Print exactly the lines that run from the one containing "Bufab Sechskantschraube 100er" to the final line of the data, both included, and print none of the pictures.

Given information:
◆ ◆ ◆ ◆ ◆ ◆ ◆
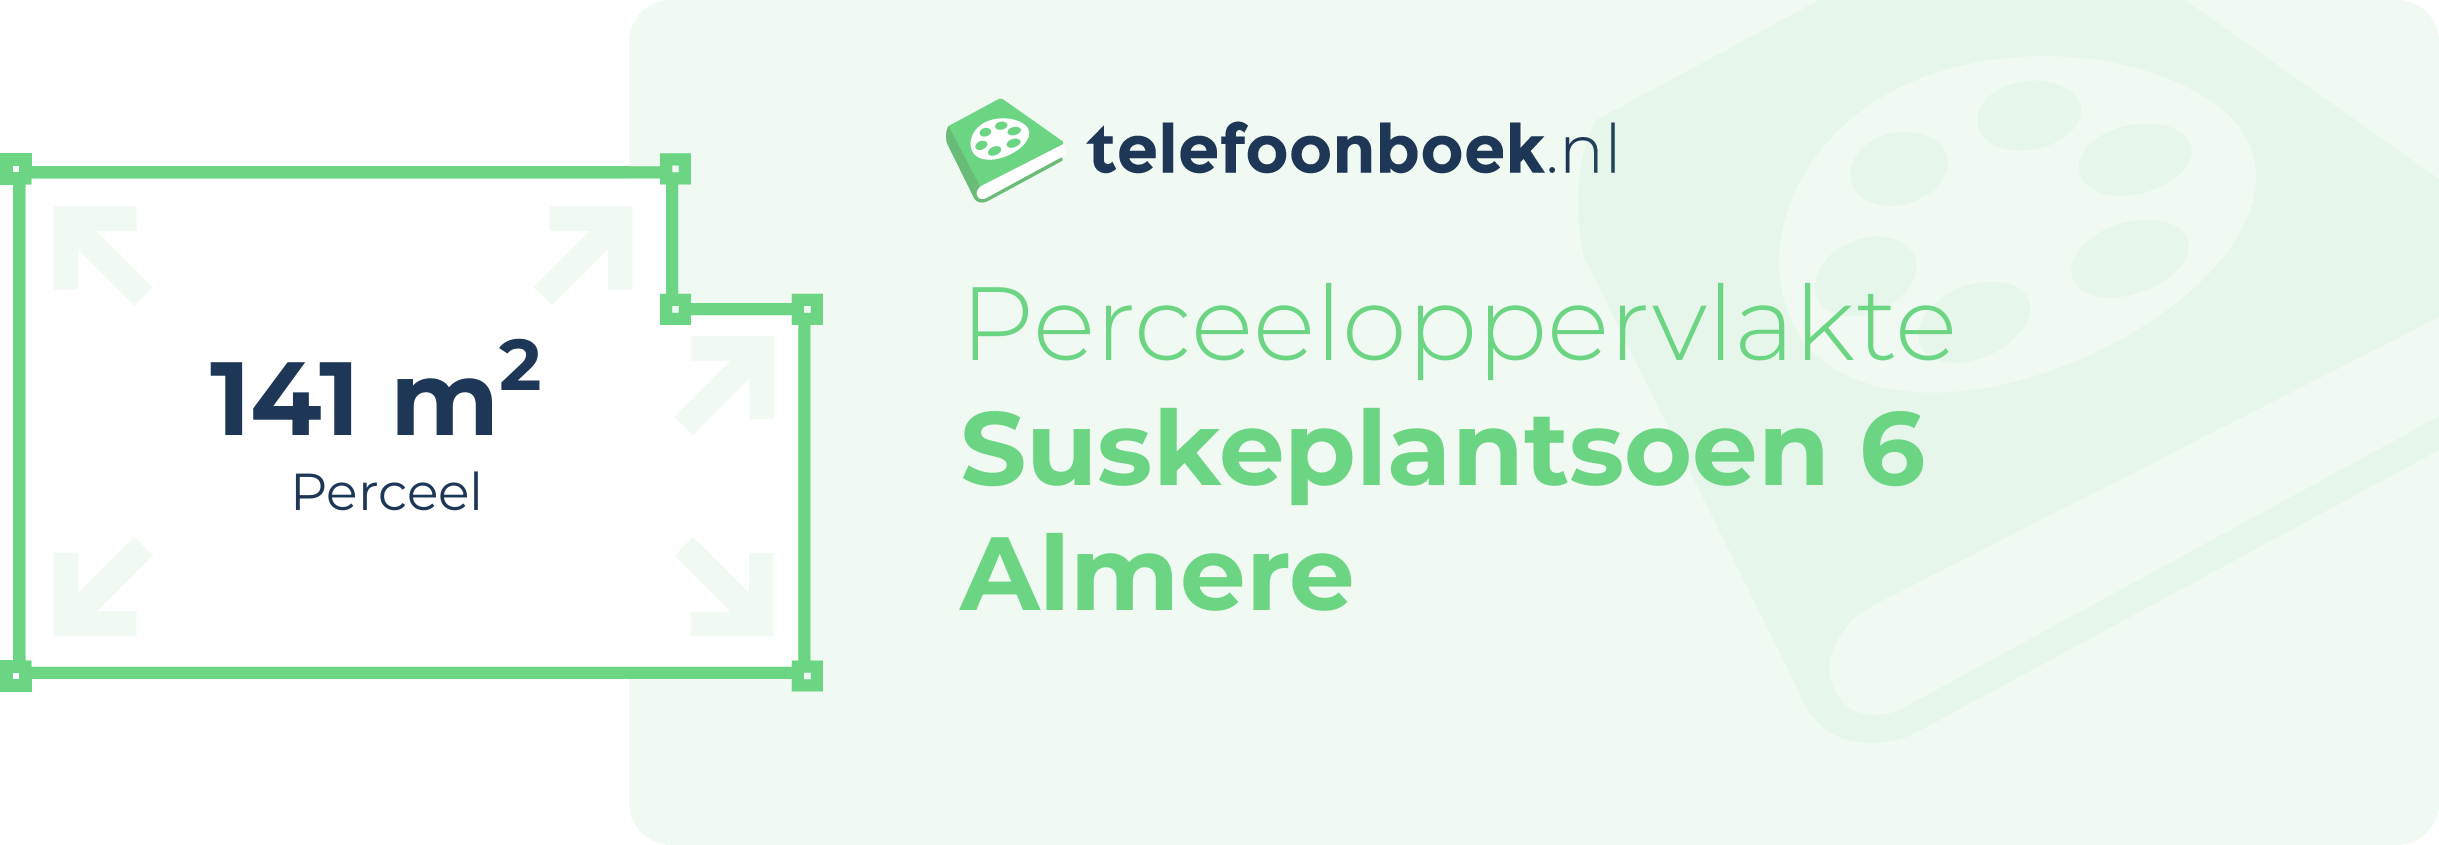 Perceeloppervlakte Suskeplantsoen 6 Almere
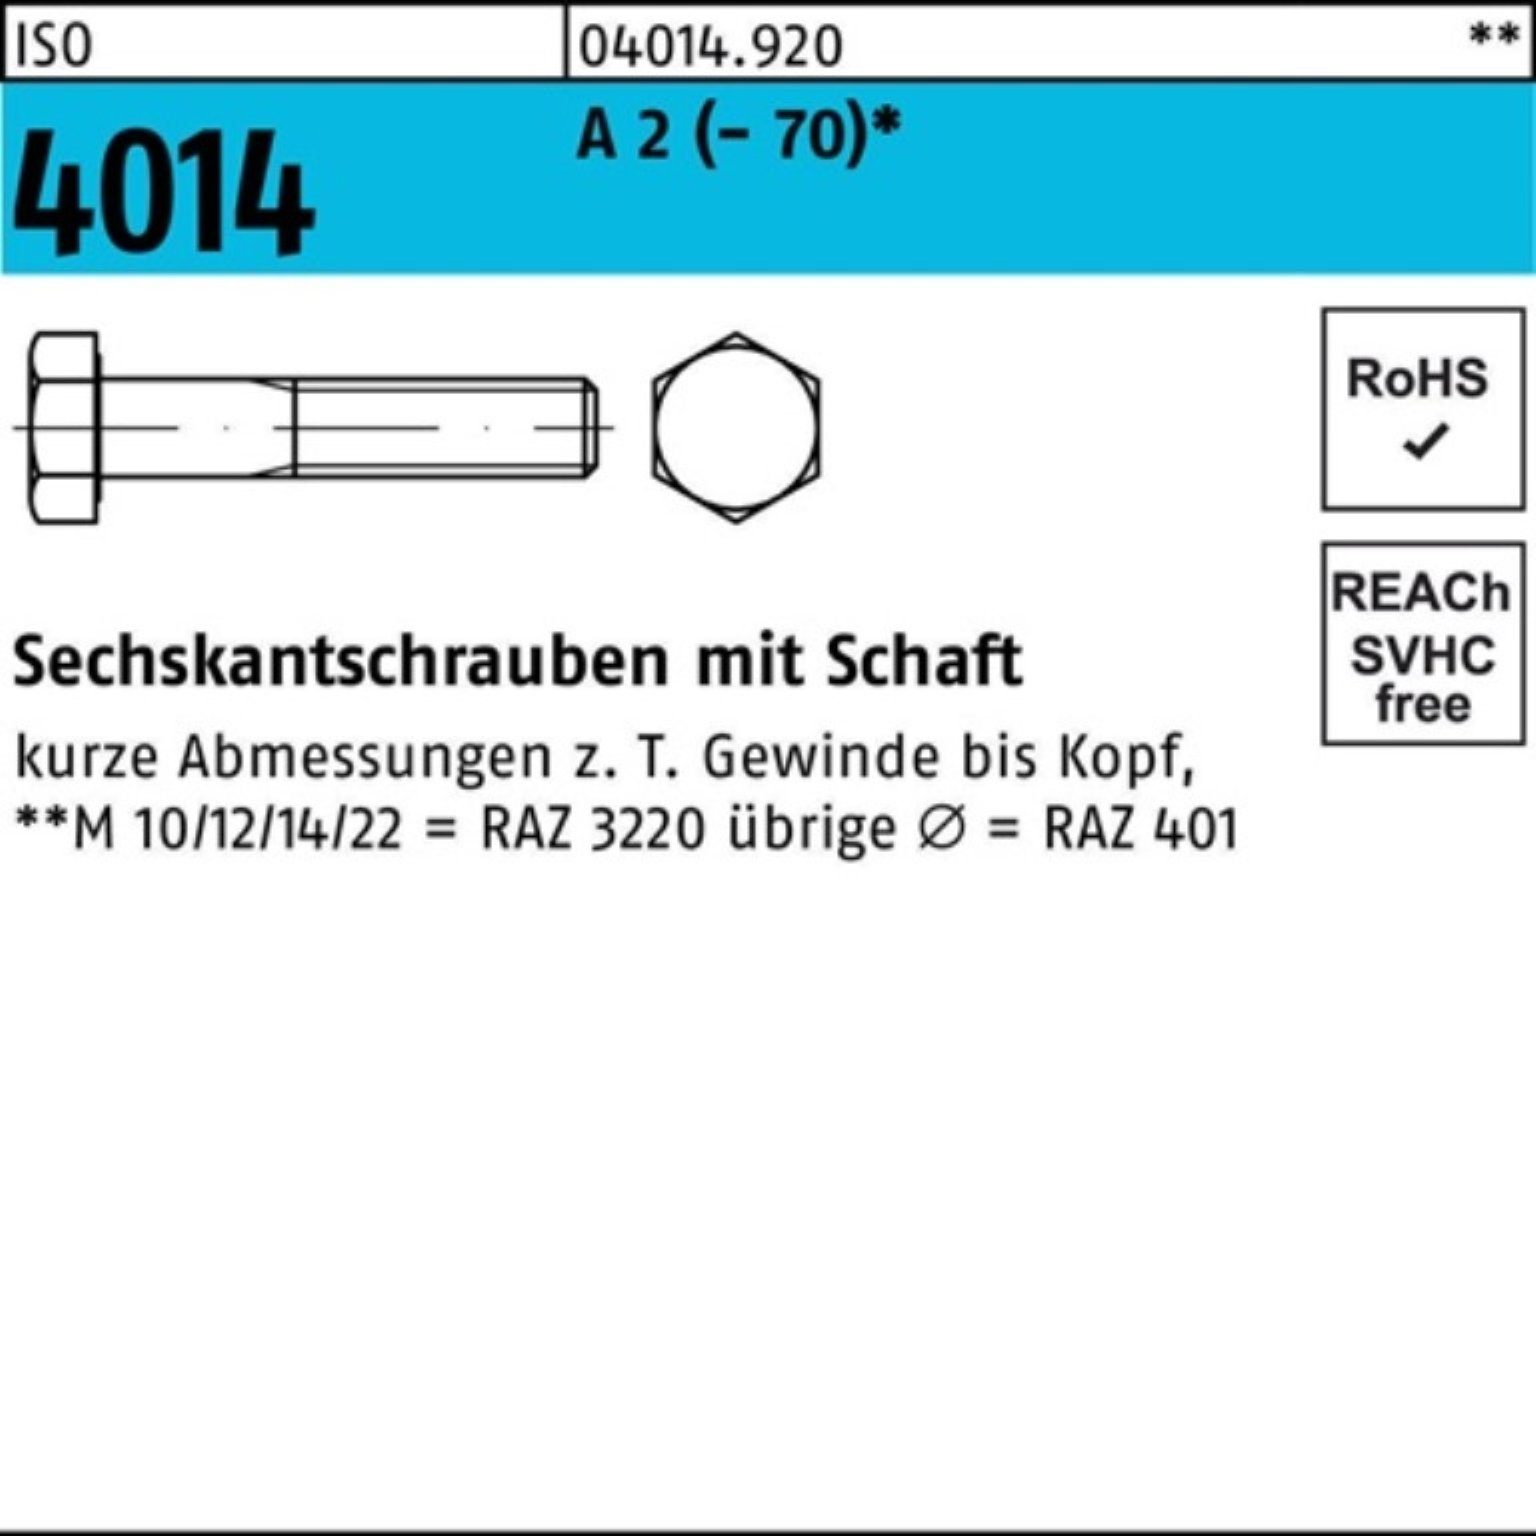 Bufab Sechskantschraube 100er Pack Sechskantschraube ISO 4014 Schaft M24x 140 A 2 (70) 1 St
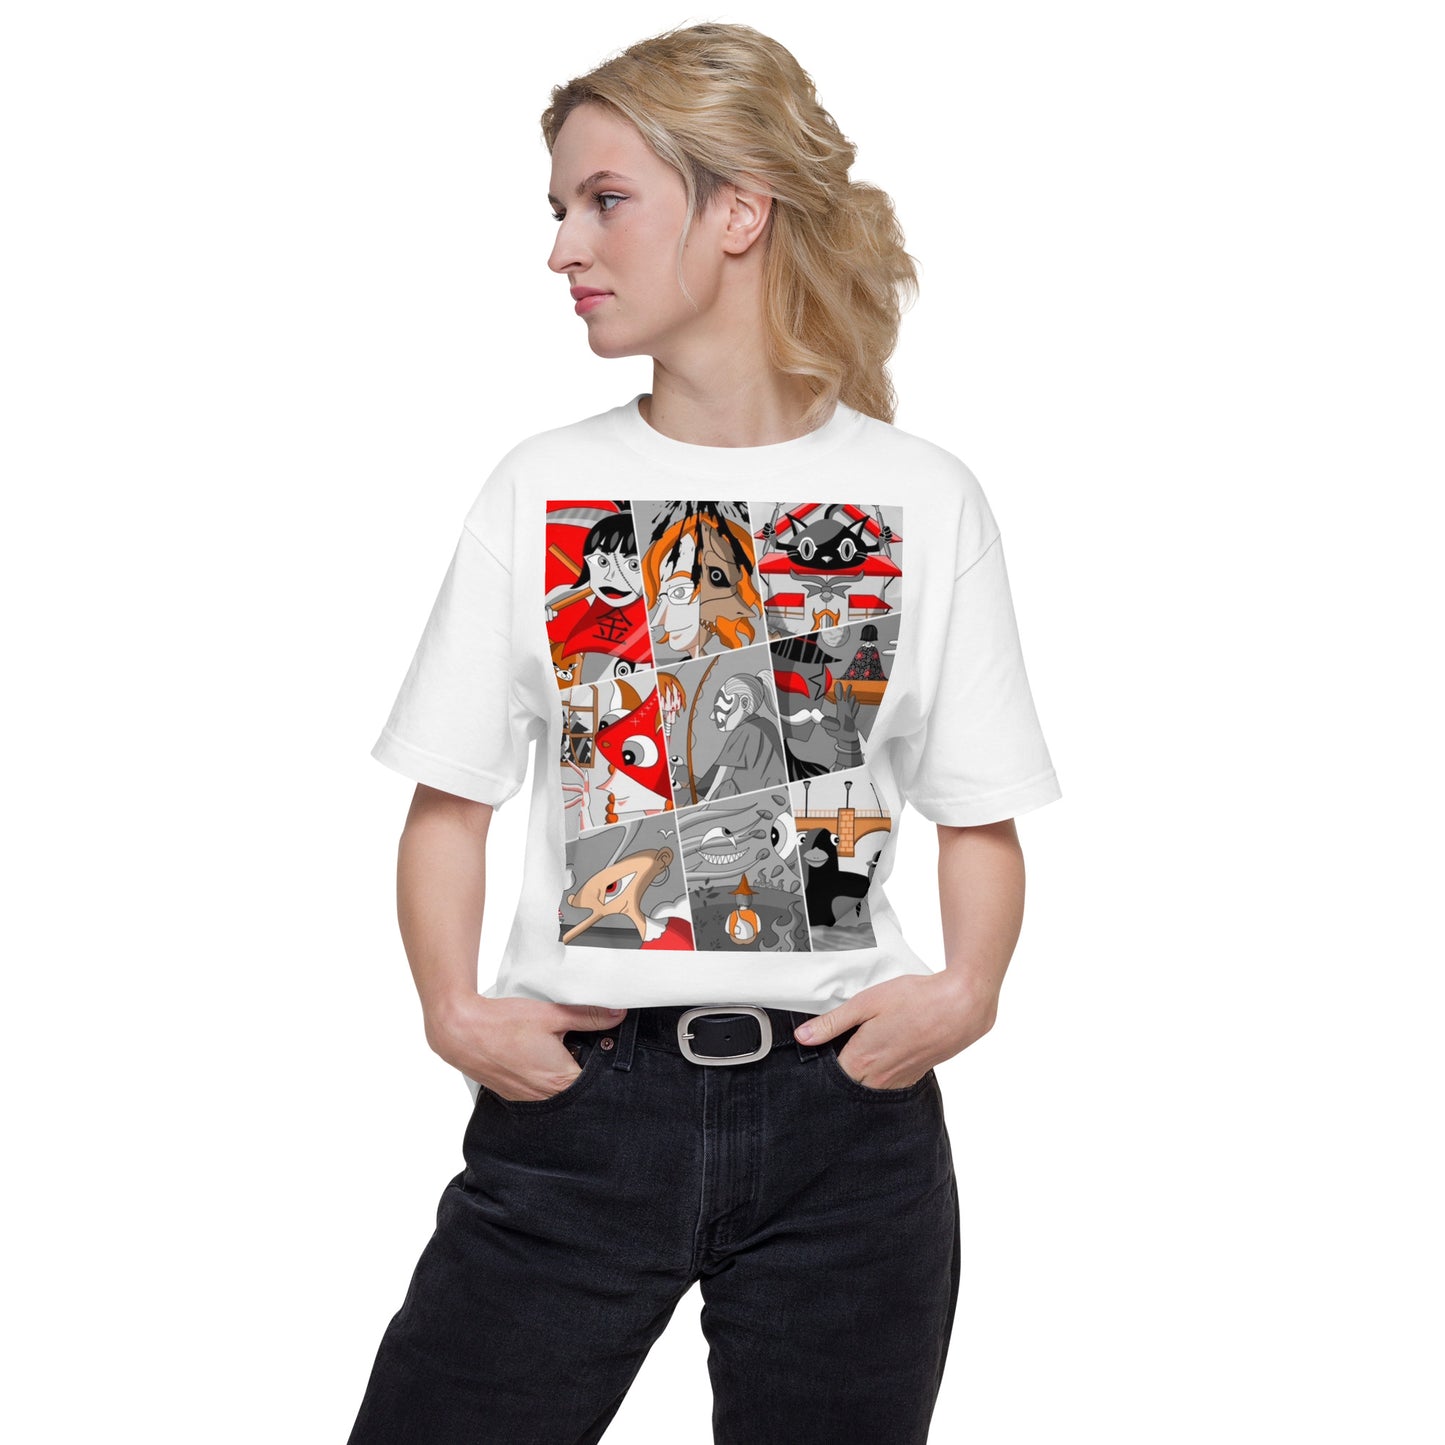 035_Ava-12-前面プリントTシャツ-アートをデザイン
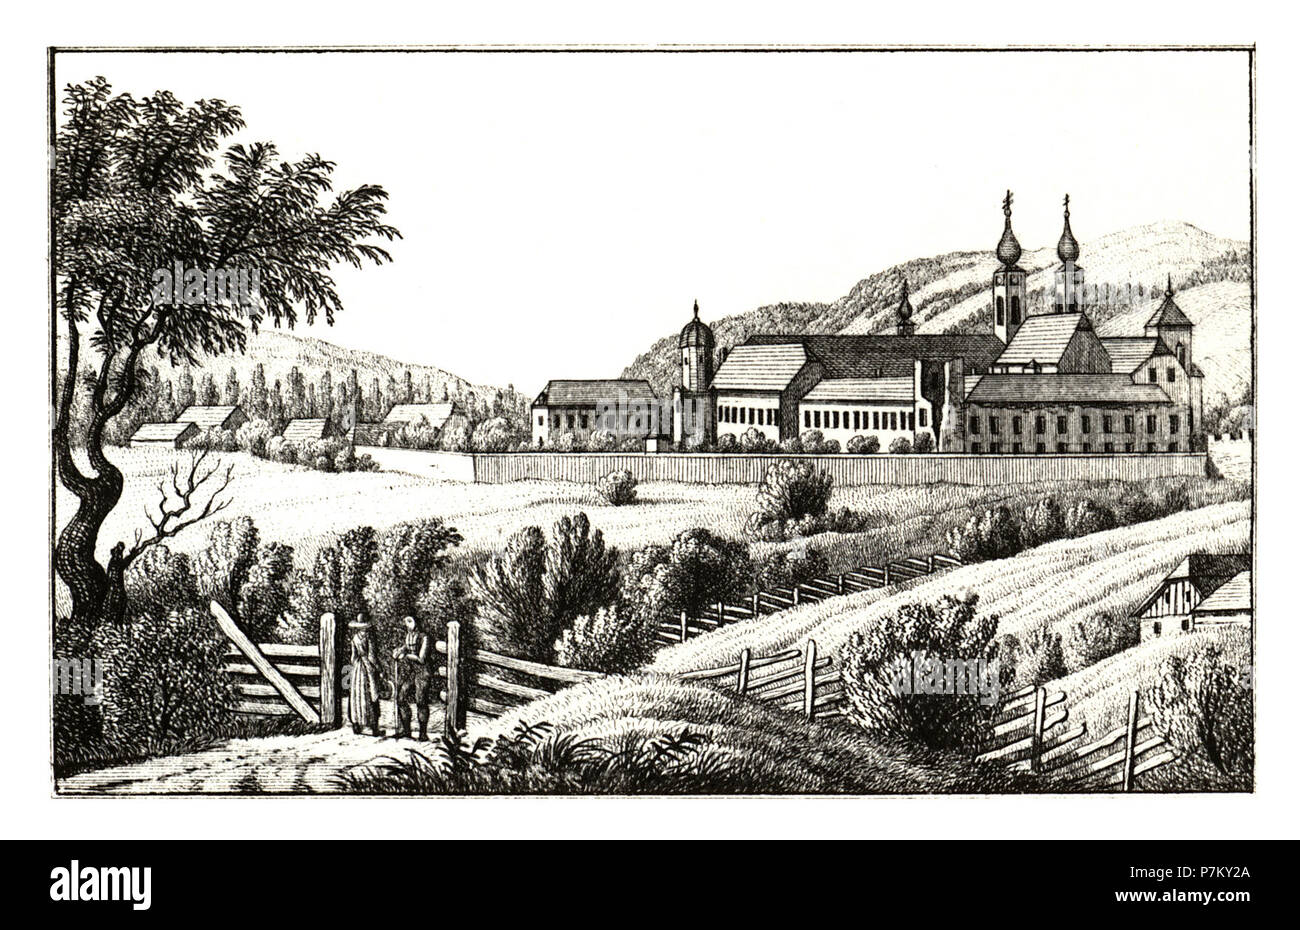 277 Stift Seckau, Vordernberg - gez. S. Kölbl - J.F.Kaiser Lithografirte Ansichten der Steiermark 1830. Stock Photo
◆ ◆ ◆ ◆ ◆ ◆ ◆
Task result:
 Bufab Sechskantschraube 100er Pack Sechskantschraube ISO 4014 Schaft M24x 140 A 2 (70) 1 St
 035_Ava-12-前面プリントTシャツ-アートをデザイン
 277 Stift Seckau, Vordernberg - gez. S. Kölbl - J.F.Kaiser Lithografirte Ansichten der Steiermark 1830. Stock Photo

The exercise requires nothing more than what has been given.